Saline Nebula, by Violeta Vitanova and Stanislav Genadiev, invited an encounter with a more archetypal monster. In a memorable visual and sound environment in the bowels of Club Dom, this solo depicted the liberation of a monstrous figure that echoes Joseph Campbell’s “inmost cave” (see his book The Hero with a Thousand Faces, 2008) and invites our descent into the Jungian subconscious. I would love to see this otherworldly piece as part of a complex dramaturgy.

Lying on coarse salt, Saline Nebula’suncanny creature made her milky way. Performer: El Vasileva. Photo: Teodora Simova

I have left for the end the highlight of the Platform, Ivo Dimtchev’s METCH. After its premiere at La Mama in New York, the queer performer returned home to captivate us. He transformed the audience into his interviewers, students, curators, buyers, enthusiastic and/or dismissive art critics. He turned passive spectators into a Chorus. His brio, satire and (self) sarcasm got richer when he went political: in his art brut style, he painted a screaming figure holding a swaddled infant, and at the last moment he wrote GAZA. Magically, the audience became an assembly of citizens (Ecclesia). Dimtchev surely knows how to play with surfaces only to take you to the depths.

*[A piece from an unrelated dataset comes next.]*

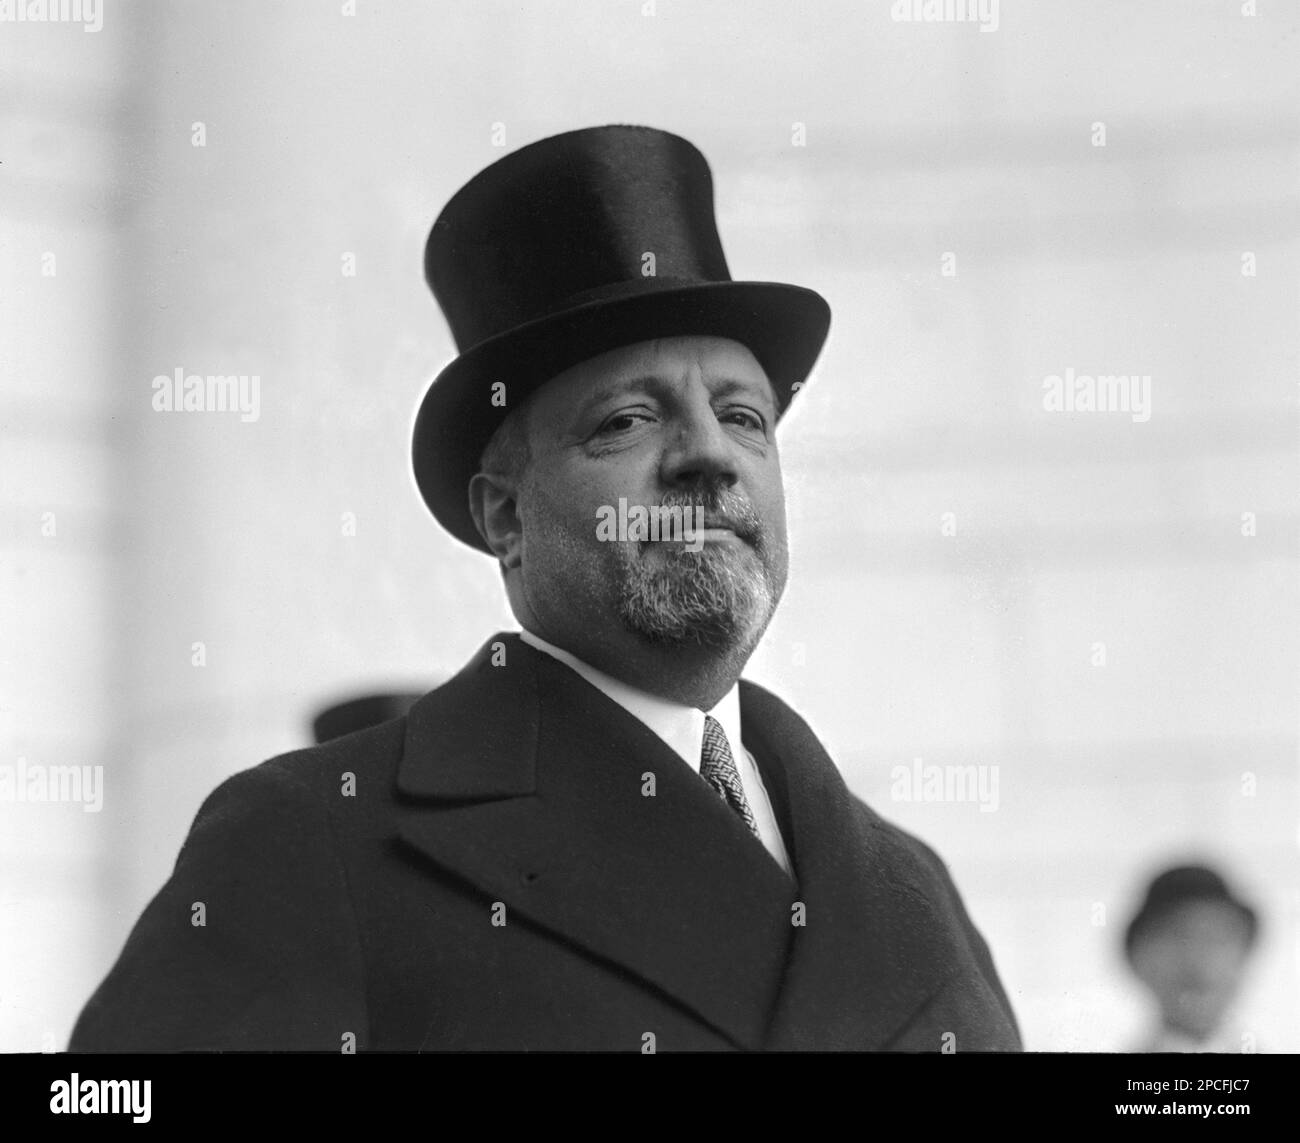 1925 , 2 novembre , Washington , Etats-Unis : le comte italien GIUSEPPE VOLPI di MISURATA ( 1877 - 1947 ) , Chef de la dette commerciale avec l'Italie et les Etats-Unis - Nobiltà italiana - noblesse - ritratto - portrait - barbe - barba - cappello a cilindro - top chapeau - collier - colletto - cravate - cravatta - conte - FASCISMO - FASCISTA - FASCISTE - FASCISME - INDUSTRIEL - POLITHO - POLITICA - POLITIQUE - POLITICIEN ---- Archivio GBB Banque D'Images

With this painting, Ivo Dimtchev turned his Andy Warhol-like, provocative, queer style into an anti-war stance. Photo: Teodora Simova 

*Dr Penelope Chatzidimitriou (Greece) is currently affiliated theatre lecturer at the Open University of Cyprus and in acting schools, holding a PhD in Theatre Studies, Aristotle University of Thessaloniki, and an MA in Theatre Studies and Directing, Royal Holloway. As a scholar, she has collaborated with director Theodoros Terzopoulous since 2000 and has published a monograph on his work. She has also published articles in Bloomsbury Methuen Drama, Peter Lang, Theater der Zeit and so on, and reviews internationally and in Greece, specializing in director’s theatre and performance.